Work instruction
Set down all of the data that follows word for word, without the images.

Input data
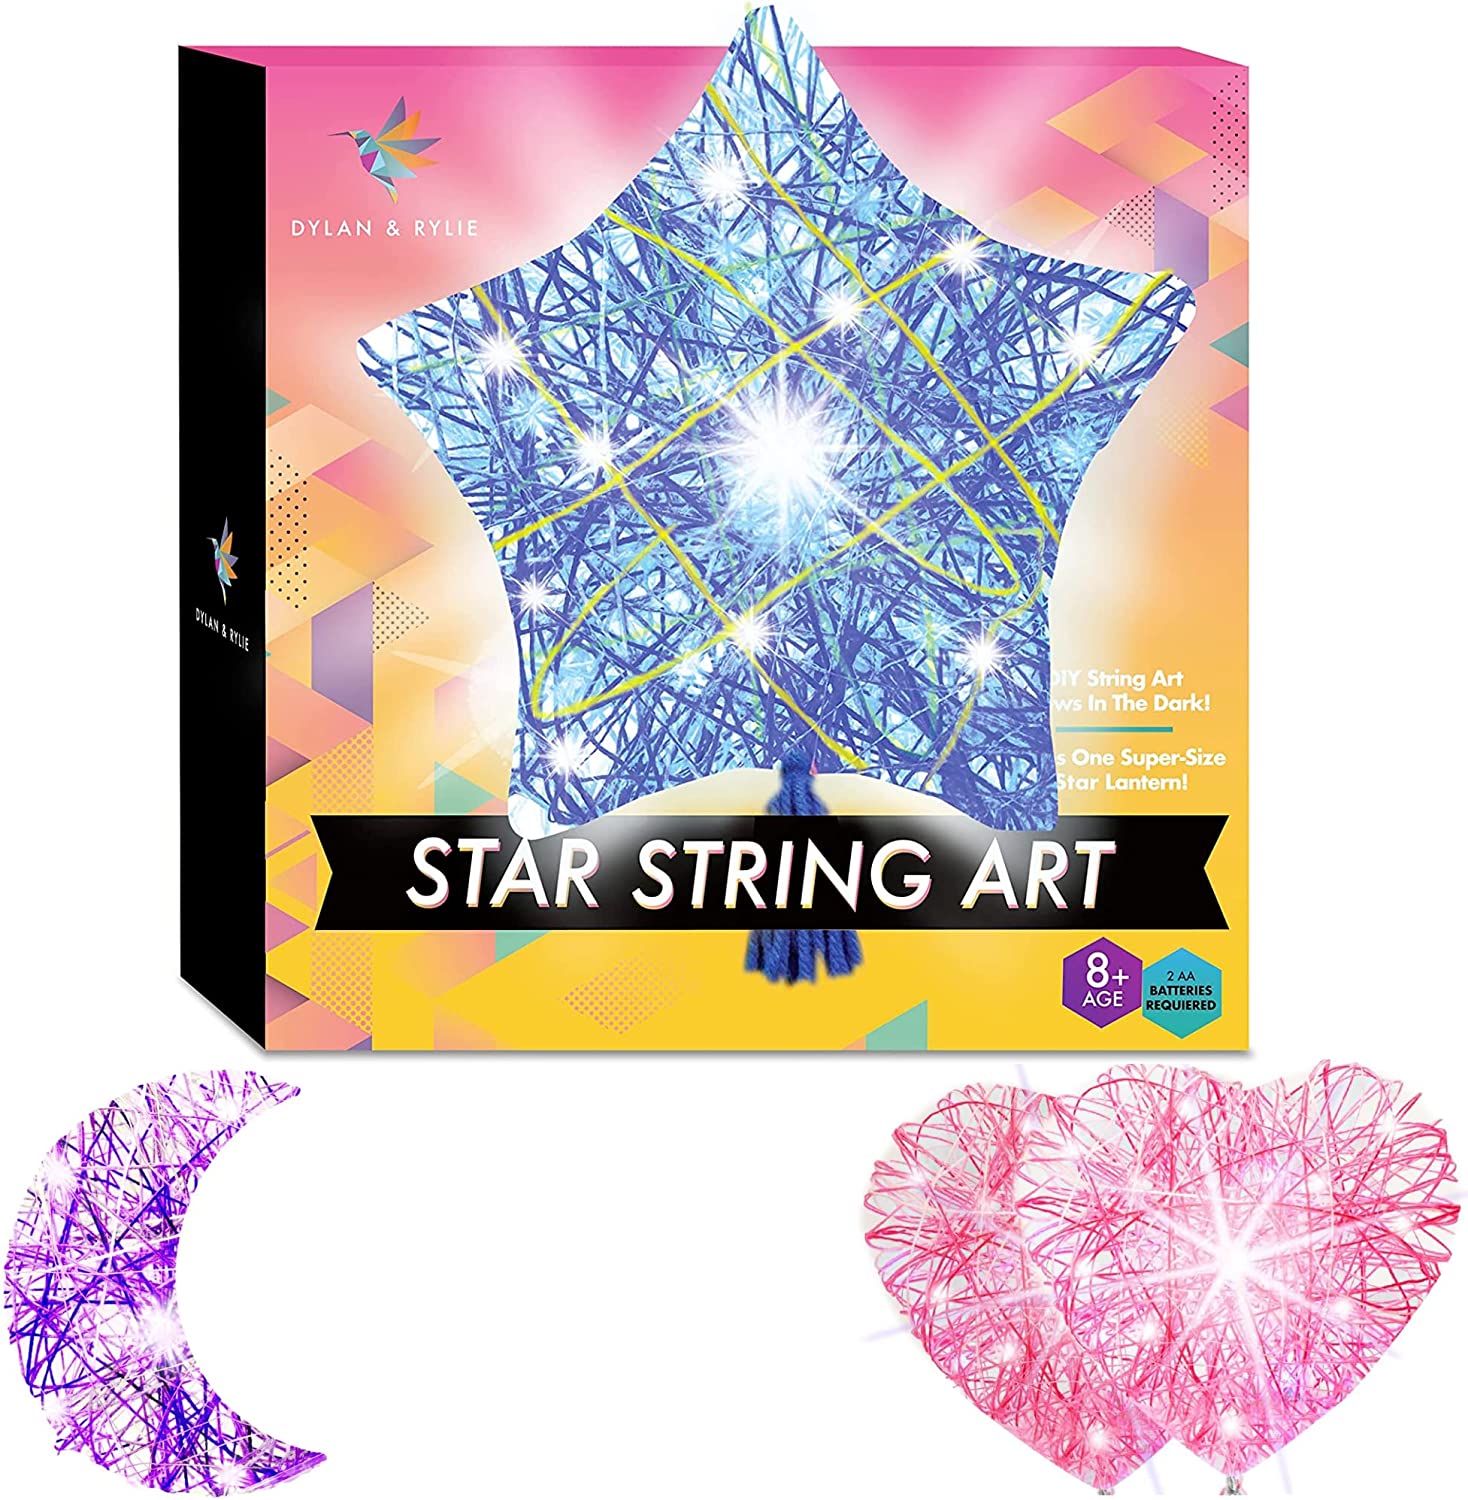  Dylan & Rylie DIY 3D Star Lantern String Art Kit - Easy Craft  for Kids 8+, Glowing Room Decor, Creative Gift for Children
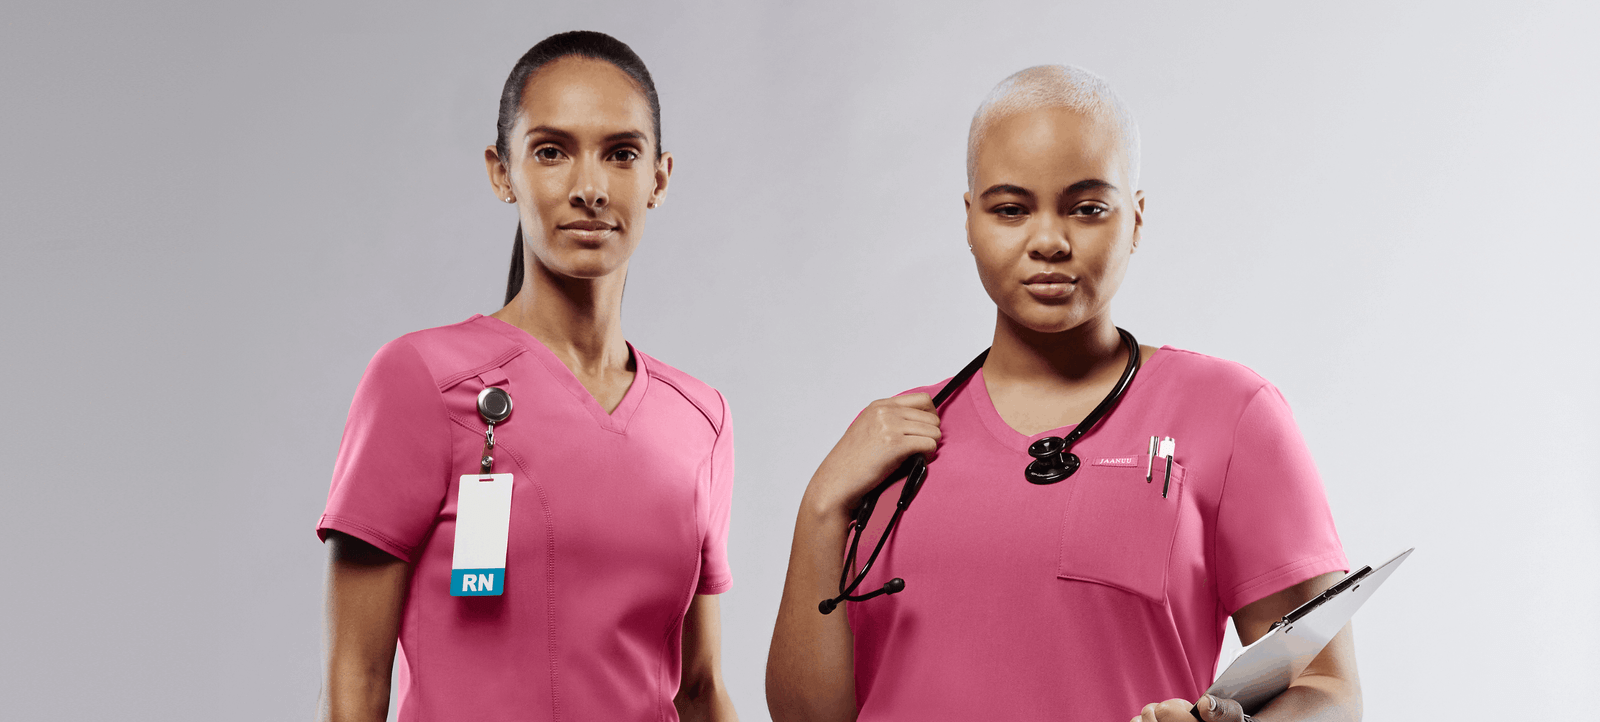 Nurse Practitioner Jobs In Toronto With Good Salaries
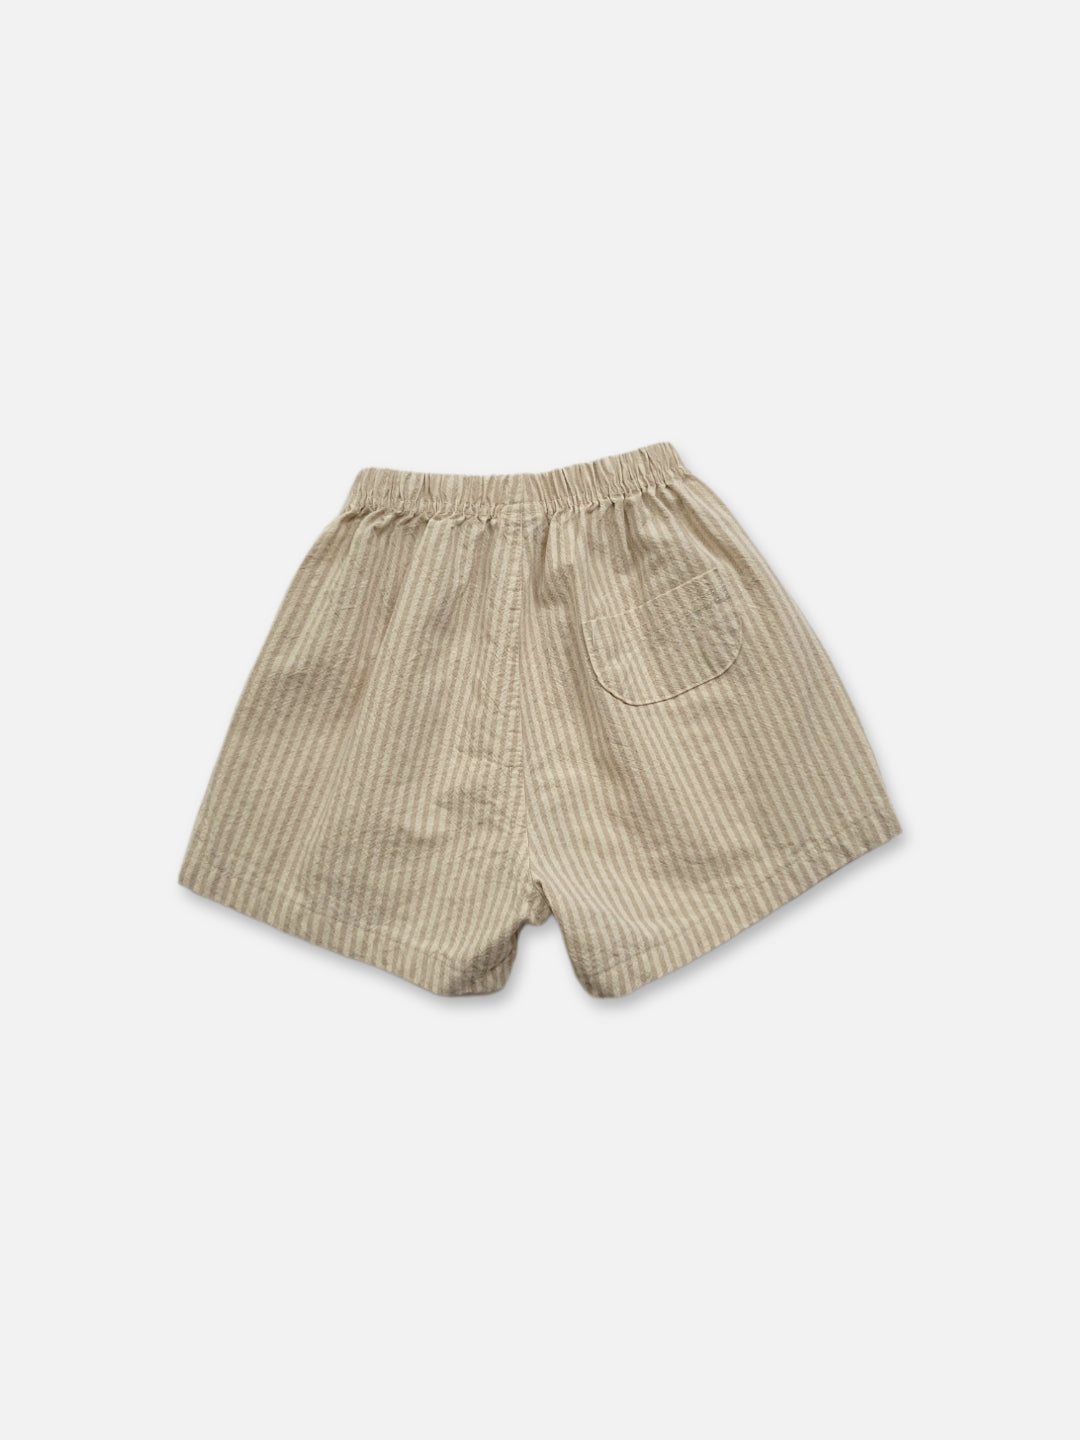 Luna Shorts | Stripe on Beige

Written answer
  Dylan & Rylie DIY 3D Star Lantern String Art Kit - Easy Craft  for Kids 8+, Glowing Room Decor, Creative Gift for Children
 Nurse Practitioner Jobs In Toronto With Good Salaries
 Luna Shorts | Stripe on Beige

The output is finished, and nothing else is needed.